Edinburgh Fringe 2011
A musical about anti-semitism in the second world war is not one of the more obvious crowd-pleasers. Also it turns out to be being performed by eighteen teenagers from a Quaker academy in New York. The scene seems to be set for a mawkish or meretricious evening. That We Didn’t Have Time to be Scared surpasses all expectations is partly the strength and interest of the piece, and the surprising clarity of its staging, but as much to do with the pleasure of seeing this young cast invest so much honesty in their telling of a story so alien to their own experience. Seeing the show through their eyes is as fascinating as seeing it through ones own.
This musical (really more a play with songs) is based on the diaries of two sisters, Inge and Lucy (one of whom was in attendance) who were chased by the tide of anti-semitism from Austria to Britain and then to Trinidad during the war in an attempt to keep them out of harms way. While the two sisters (played by Maia Collier and Elizabeth Sharpe-Levine) look back, they see their younger selves (Julia Newitt and Gloria Fortuna) and various of their friends and family.
This is all brought briskly to life in a staging by the writers Tracey Foster and Andrew Geha, perhaps the most impressive non-professional staging I’ve seen at the Fringe in recent years.
Its strongest passages are moments of subtle understatement. Early on, the family try to find a home at a time and place where there is clearly to be no room at the inn. They assure someone “we won’t be a burden on anyone”. Towards the end, the girls’ father, clearly dying, tells them “Everything will be fine”. “I believed him”, one sister tells us. “I didn’t” says the other, quietly.

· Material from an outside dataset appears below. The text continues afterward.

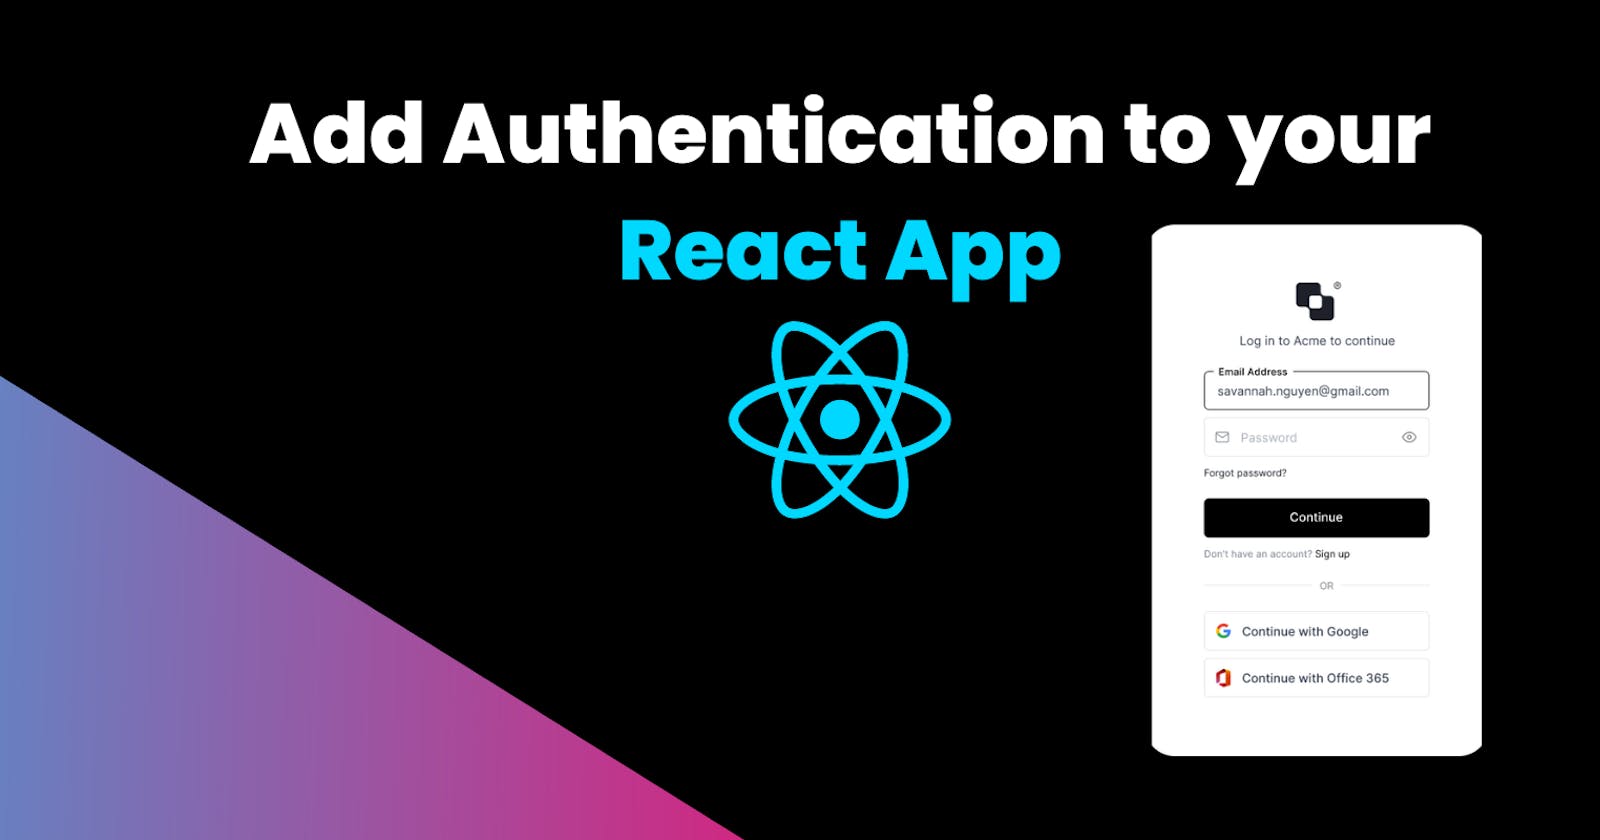 Add Authentication to your React App in just 5 min.

Geha’s songs, commendably sung and performed by the composer on a piano (with an often superfluous guitarist), are melodic mid-tempo ballads with an unexpected 70s rock tinge – rather closer to Godspell than to Fiddler on the Roof. They largely allow a dramatic mood to be expanded rather than the story to be developed. In that sense, the songs accompany the play rather than integrate with it like a more typical musical. Only the finale, “Home”, an up-tempo happy ending number, rings false in an otherwise well judged collection of songs.
There are two real pleasures that one hopes to find at the Edinburgh Fringe. The first is a production which takes risks; the second is one which finds an audience. Seeing a musical about children in the second world war while sitting in a capacity audience, We Didn’t Have Time to Be Scared achieves both and does so with commendable delicacy and honesty.
It was a delight to see them having such a triumph with it.